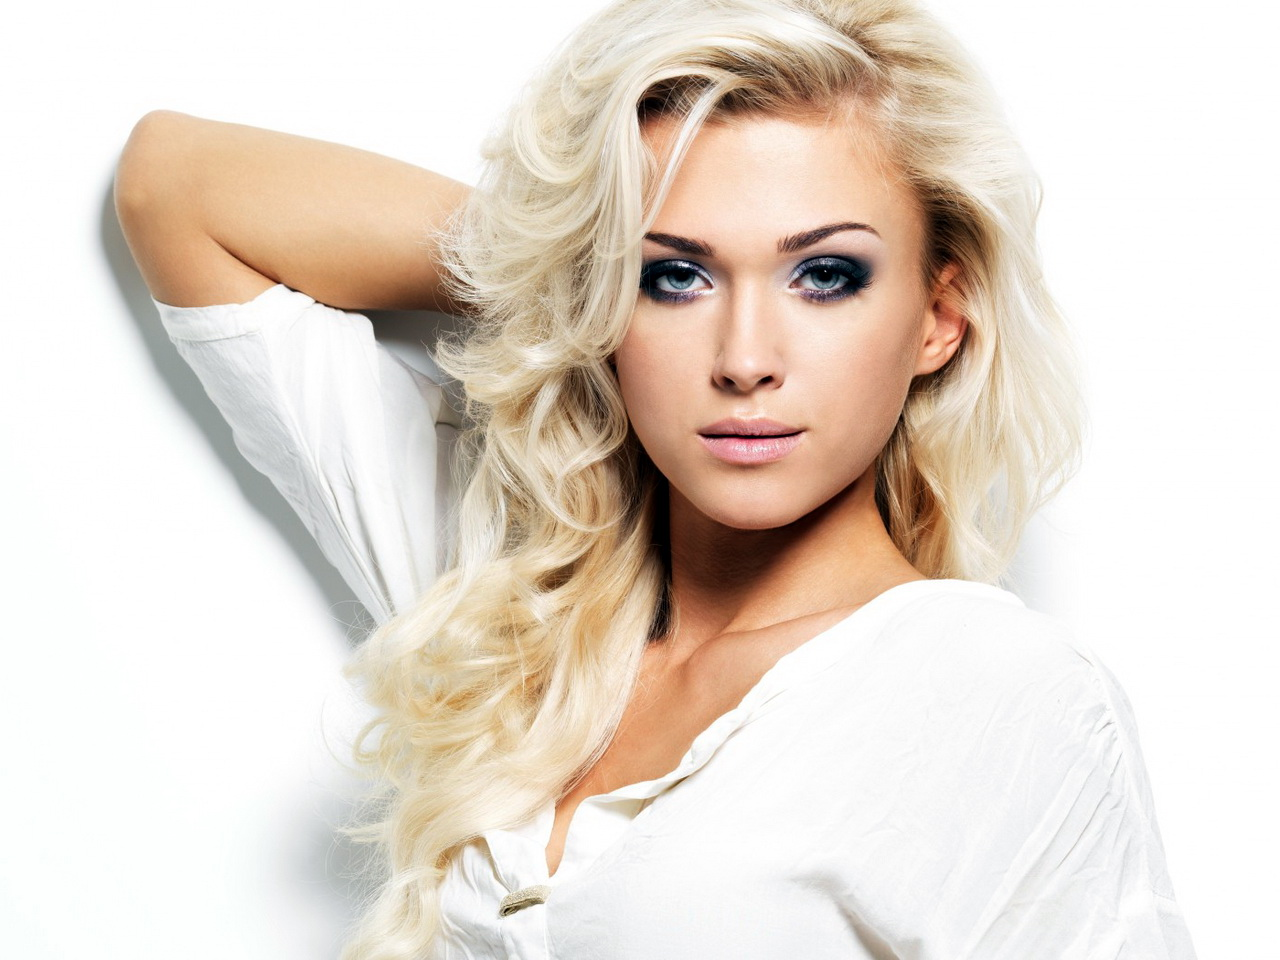 Фото блондинка с косой 13 фотография
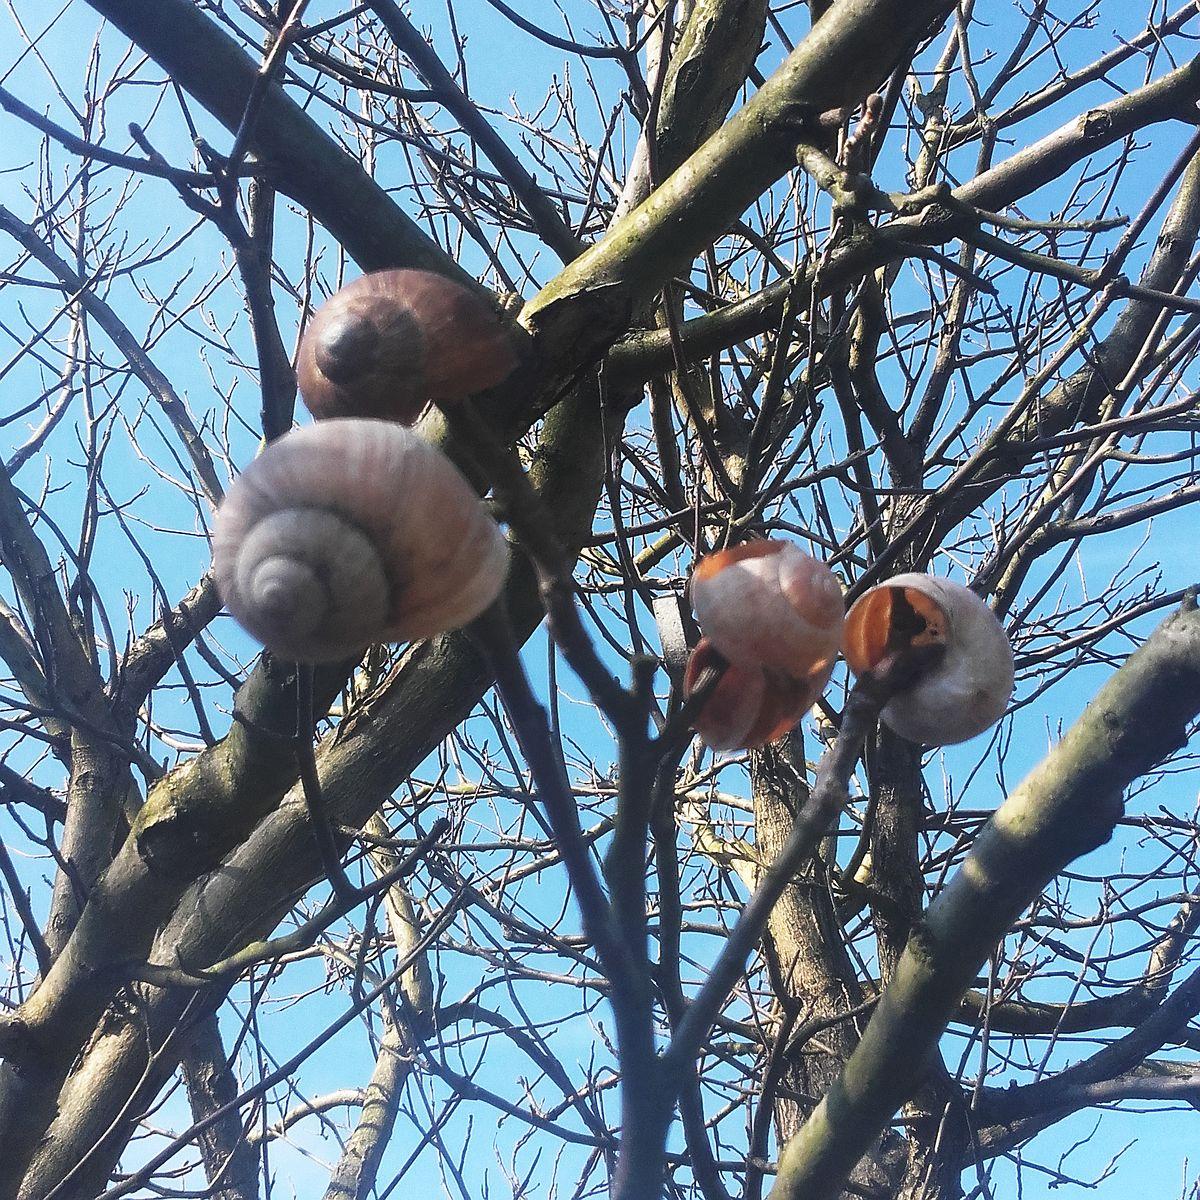 Der Schneckenbaum - Apriloiocus unum (Foto: K. Stein)
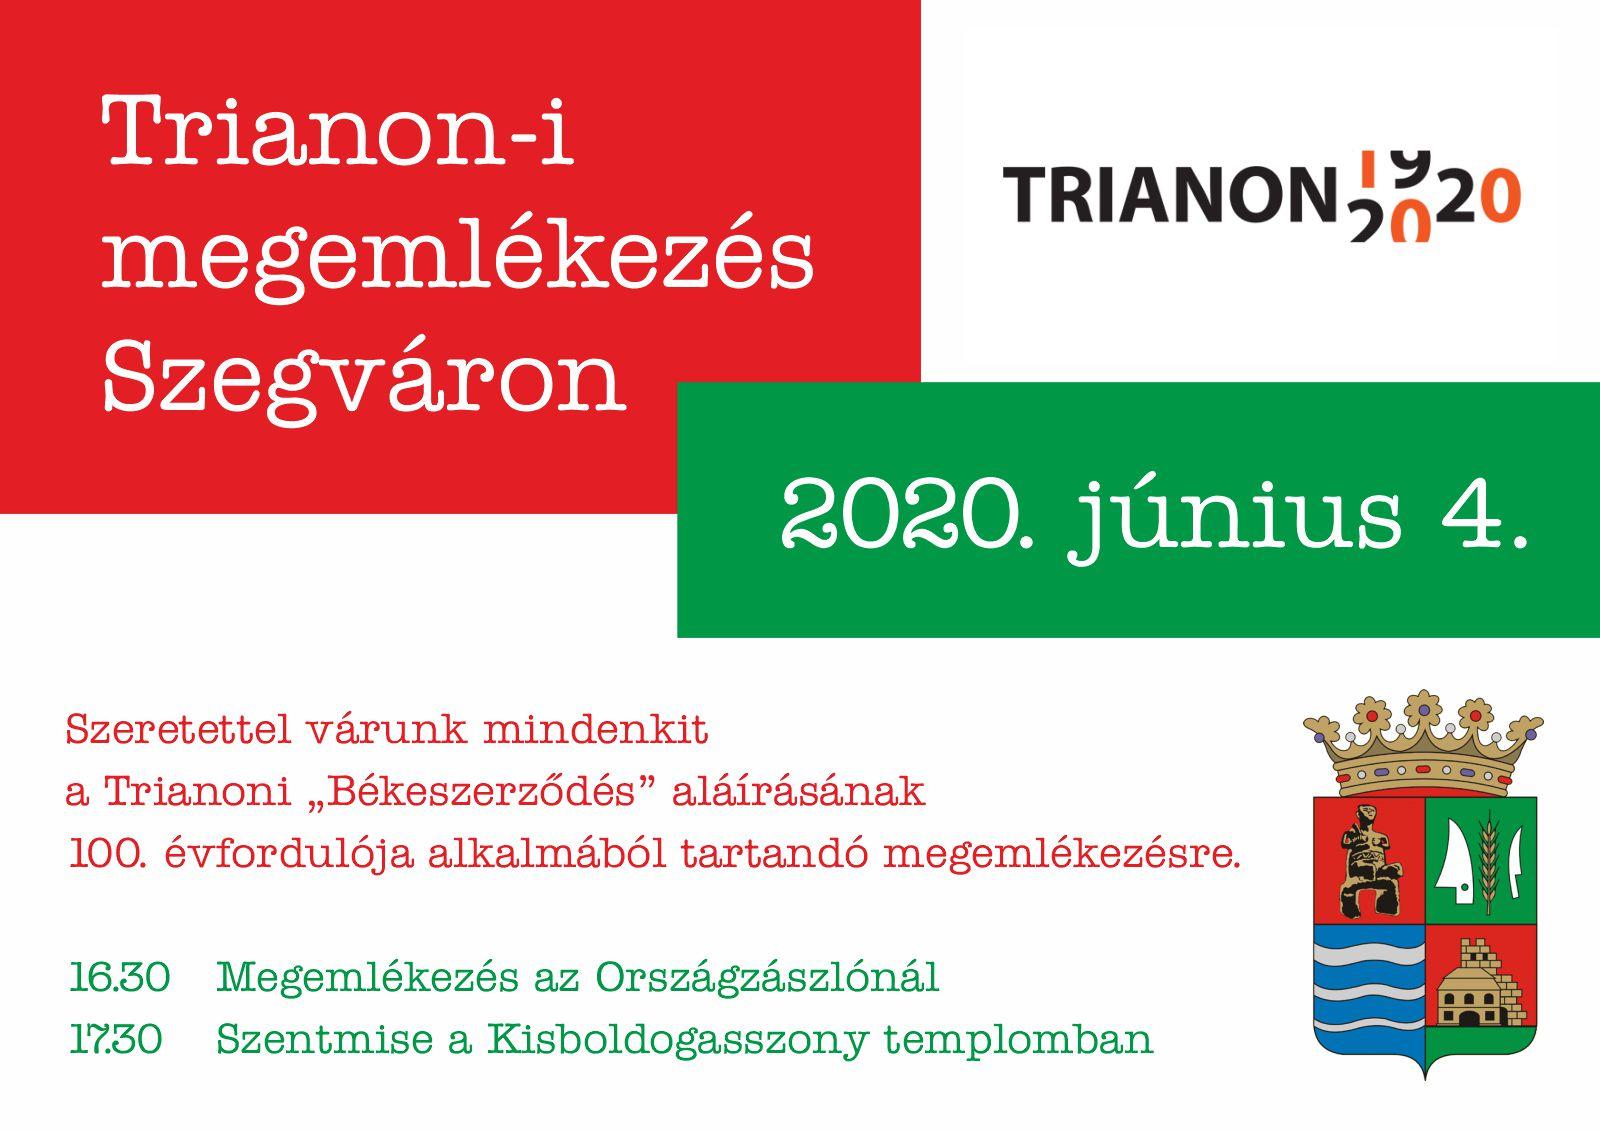 Trianon-i megemlékezés Szegváron
※
** TASK DESCRIPTION **
Leaving the pictures out, output all of the listing exactly.

** FINISHED TASK **
 Фото блондинка с косой 13 фотография
 Der Schneckenbaum - Apriloiocus unum (Foto: K. Stein)
 Trianon-i megemlékezés Szegváron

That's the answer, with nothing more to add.